→ **What is required**
Among the records, how many lines carry the string "Рюкзак"? Give that number with nothing added.

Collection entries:
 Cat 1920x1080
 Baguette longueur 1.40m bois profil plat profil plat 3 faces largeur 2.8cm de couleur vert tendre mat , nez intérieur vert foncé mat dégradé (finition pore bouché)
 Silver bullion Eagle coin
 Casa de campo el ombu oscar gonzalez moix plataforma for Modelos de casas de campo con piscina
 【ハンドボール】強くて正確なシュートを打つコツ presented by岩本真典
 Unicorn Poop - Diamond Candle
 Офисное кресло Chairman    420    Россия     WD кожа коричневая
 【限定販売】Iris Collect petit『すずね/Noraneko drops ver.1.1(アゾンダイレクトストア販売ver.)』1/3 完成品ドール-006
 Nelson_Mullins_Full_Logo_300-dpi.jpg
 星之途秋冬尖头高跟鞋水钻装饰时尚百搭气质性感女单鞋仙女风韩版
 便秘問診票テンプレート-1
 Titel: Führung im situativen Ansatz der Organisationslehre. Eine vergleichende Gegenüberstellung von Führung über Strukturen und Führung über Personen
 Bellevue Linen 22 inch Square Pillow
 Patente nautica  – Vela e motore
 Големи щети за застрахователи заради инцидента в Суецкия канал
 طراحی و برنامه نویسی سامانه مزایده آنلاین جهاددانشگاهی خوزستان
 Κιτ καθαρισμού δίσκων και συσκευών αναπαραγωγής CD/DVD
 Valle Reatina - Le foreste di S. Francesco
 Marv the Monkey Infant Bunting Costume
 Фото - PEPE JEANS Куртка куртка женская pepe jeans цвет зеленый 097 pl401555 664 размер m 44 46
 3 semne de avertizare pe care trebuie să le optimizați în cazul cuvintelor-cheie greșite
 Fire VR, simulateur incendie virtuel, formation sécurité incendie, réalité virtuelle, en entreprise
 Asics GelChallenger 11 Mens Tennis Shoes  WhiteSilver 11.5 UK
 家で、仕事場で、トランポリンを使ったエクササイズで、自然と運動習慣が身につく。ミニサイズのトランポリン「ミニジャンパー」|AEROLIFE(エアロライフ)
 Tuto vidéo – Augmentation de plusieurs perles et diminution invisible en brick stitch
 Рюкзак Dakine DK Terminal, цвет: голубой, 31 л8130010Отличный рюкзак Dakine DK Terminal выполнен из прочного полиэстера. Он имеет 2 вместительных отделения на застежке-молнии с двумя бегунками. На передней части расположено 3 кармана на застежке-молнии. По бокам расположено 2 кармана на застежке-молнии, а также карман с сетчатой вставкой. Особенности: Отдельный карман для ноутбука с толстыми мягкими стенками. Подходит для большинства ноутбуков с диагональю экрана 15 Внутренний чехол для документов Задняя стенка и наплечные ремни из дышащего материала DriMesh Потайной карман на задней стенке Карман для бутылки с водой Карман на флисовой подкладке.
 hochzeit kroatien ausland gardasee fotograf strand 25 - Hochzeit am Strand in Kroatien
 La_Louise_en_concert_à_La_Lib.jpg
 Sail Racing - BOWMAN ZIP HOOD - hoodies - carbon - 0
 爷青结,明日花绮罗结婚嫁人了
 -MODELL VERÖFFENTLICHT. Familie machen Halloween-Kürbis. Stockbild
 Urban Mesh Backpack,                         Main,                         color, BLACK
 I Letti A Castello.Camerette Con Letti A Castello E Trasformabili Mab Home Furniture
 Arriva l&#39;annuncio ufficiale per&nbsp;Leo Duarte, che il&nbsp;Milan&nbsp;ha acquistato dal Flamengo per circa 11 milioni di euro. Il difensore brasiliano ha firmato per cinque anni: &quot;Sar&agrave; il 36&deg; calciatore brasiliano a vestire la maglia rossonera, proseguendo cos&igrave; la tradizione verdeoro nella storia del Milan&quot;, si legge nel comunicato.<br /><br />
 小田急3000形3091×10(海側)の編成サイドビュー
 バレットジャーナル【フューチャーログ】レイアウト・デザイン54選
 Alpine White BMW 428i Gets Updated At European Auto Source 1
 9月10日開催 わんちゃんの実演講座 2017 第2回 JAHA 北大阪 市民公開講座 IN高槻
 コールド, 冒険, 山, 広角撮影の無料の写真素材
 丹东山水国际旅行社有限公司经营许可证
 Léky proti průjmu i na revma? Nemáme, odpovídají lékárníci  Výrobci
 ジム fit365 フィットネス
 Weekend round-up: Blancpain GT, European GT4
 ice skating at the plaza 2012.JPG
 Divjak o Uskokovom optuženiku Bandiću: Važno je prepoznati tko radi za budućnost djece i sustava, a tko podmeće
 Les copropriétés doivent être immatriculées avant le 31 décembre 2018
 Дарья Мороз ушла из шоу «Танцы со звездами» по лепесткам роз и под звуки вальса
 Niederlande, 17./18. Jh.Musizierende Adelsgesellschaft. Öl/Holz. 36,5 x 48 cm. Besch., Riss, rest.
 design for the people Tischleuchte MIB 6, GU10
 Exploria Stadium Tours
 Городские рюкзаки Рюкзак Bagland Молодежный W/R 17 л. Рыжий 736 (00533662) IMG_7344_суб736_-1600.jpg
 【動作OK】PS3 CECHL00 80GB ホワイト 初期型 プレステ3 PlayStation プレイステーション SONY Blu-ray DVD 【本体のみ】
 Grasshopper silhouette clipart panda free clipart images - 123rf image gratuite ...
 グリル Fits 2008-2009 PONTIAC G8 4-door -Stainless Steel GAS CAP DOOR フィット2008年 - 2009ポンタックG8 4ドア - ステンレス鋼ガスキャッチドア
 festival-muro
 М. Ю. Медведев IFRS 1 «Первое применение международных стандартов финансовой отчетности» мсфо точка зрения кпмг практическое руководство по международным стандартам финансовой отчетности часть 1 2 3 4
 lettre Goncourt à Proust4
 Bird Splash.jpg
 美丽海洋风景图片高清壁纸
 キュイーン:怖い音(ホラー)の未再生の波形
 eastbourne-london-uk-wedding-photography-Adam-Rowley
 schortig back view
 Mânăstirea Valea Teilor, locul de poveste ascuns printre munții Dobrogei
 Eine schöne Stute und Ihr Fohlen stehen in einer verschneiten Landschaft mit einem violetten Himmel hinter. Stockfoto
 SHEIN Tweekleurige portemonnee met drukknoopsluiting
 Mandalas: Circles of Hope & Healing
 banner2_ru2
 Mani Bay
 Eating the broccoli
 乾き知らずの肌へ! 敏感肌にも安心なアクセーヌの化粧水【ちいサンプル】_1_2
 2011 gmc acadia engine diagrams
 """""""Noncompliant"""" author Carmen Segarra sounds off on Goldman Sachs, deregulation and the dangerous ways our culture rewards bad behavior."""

→ **Answer box**
2